Ta strona została przepisana.
OBRONA SOKRATESA PRZED SĘDZIAMI
(APOLOGJA)
...Warto wspomnieć także o tem, jak Sokrates, zapozwany do sądu,[1] przedstawiał sobie w myśli obronę swą i koniec swego życia.[2] Pisali o tem, coprawda, i inni, i wszyscy[3] utracili w podniosłą dumę jego przemowy, z czego i wynika, że Sokrates rzeczywiście w taki sposób swą mowę wygłosił.[4] Ale jego przekonania, iż korzystniejszą dlań byłaby śmierć, niż życie, nie podkreślili jasno; to też jego podniosłą dumą tchnąca mowa wydaje się zbyt nierozsądna. Tymczasem Hermogenes, syn Hipponika,[5] jego towarzysz, podał o nim takie wiadomości, że owa dumna mowa zdaje się zupełnie odpowiadać jego sposobowi myślenia. Widząc bowiem, że rozprawia raczej
- ↑ Oskarżenie o bezbożność wnosi się do archonta «króla» (basileus). Archont wzywał oskarżonego do postawienia zarzutów skardze. Oskarżenie, jako też i podniesione przeciw niemu ze strony oskarżonego zarzuty musiały być na piśmie. Obie strony zaprzysięgają swe wywody. To postępowanie zwało się anakrisis (przesłuchiwanie). Główna rozprawa (proces) przed sądem przysięgłych (trybunał z 501 sędziów, heliaja) odbywała się później. Sądem nazwany tu sąd przysięgłych.

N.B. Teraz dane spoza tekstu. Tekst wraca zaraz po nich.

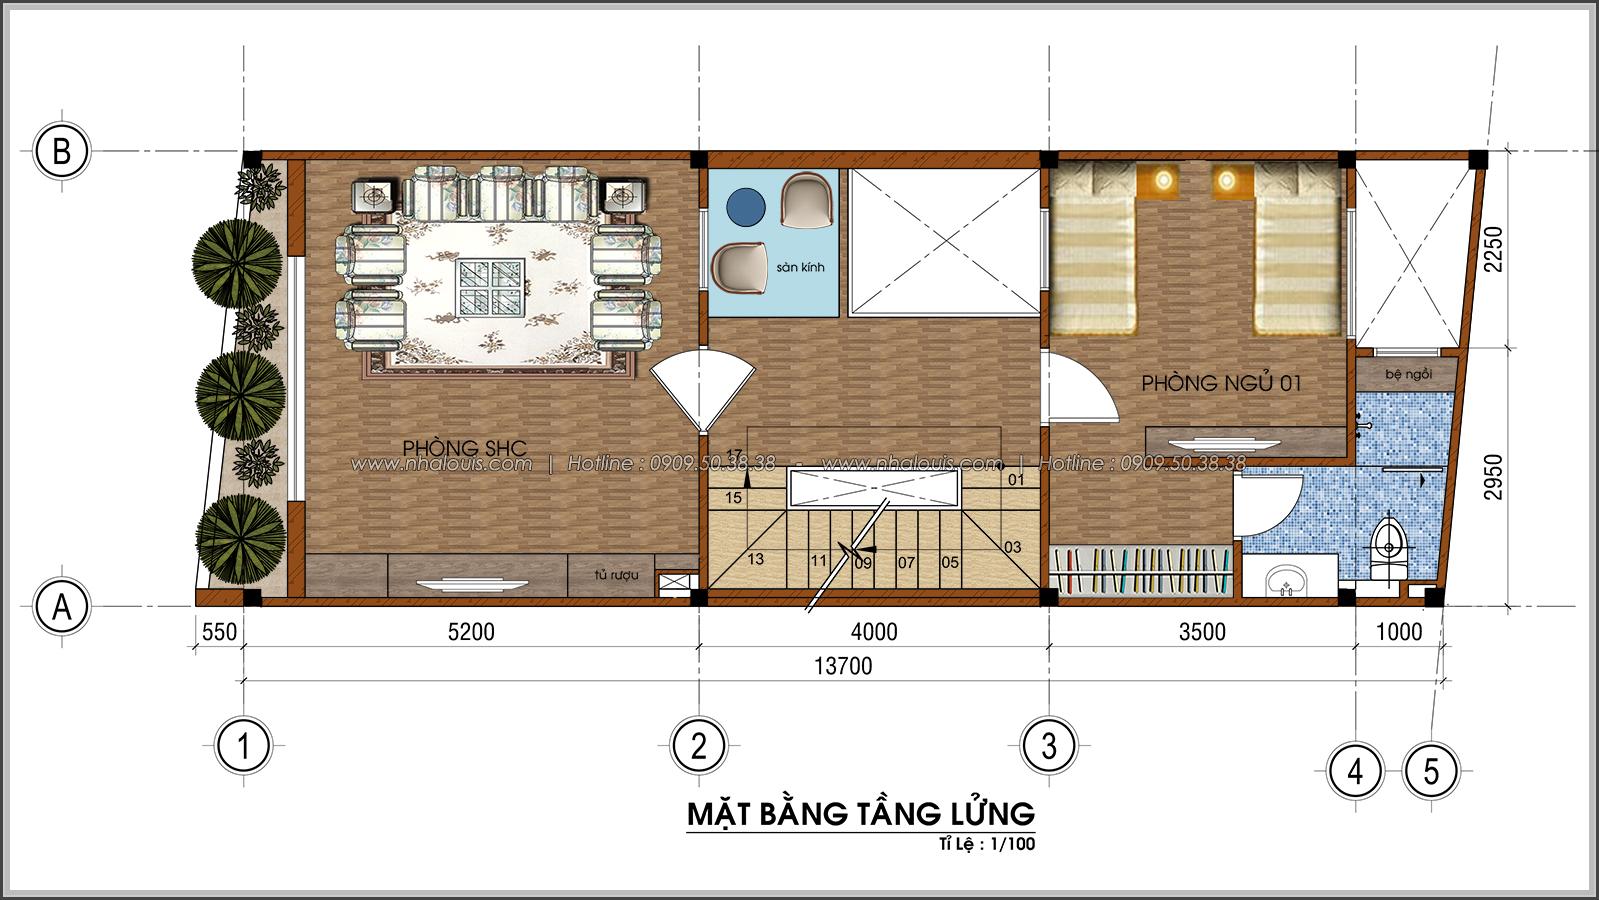 Thiết kế nhà ống 4 tầng lộng lẫ với mặt tiền 5m và gara ô tô tại Tân Bình - 04

- ↑ Więc Sokrates zgóry miał sobie wyobrażać, że proces ten skończy się wyrokiem śmierci.
- ↑ Prócz Platona wielu pisało «apologje» (obrony w sądzie) Sokratesa; słyszymy np. o apologji Lizjasza (niezachowana).
- ↑ podczas procesu nie było w Atenach Xenofonta. — Sokratesa oskarżono w zimie 400/399, a wyrok wykonano na wiosnę 399, w miesiącu Antesterjonie (= miesiąc kwiatów; od połowy lutego do połowy marca).
- ↑ Przyrodni brat Kaljasza (syn Hipponika z nieprawego łoża), gorący wielbiciel Sokratesa. (Por. Symp. str. 4, uw. 1, a nadto rozdz. 3 i 4).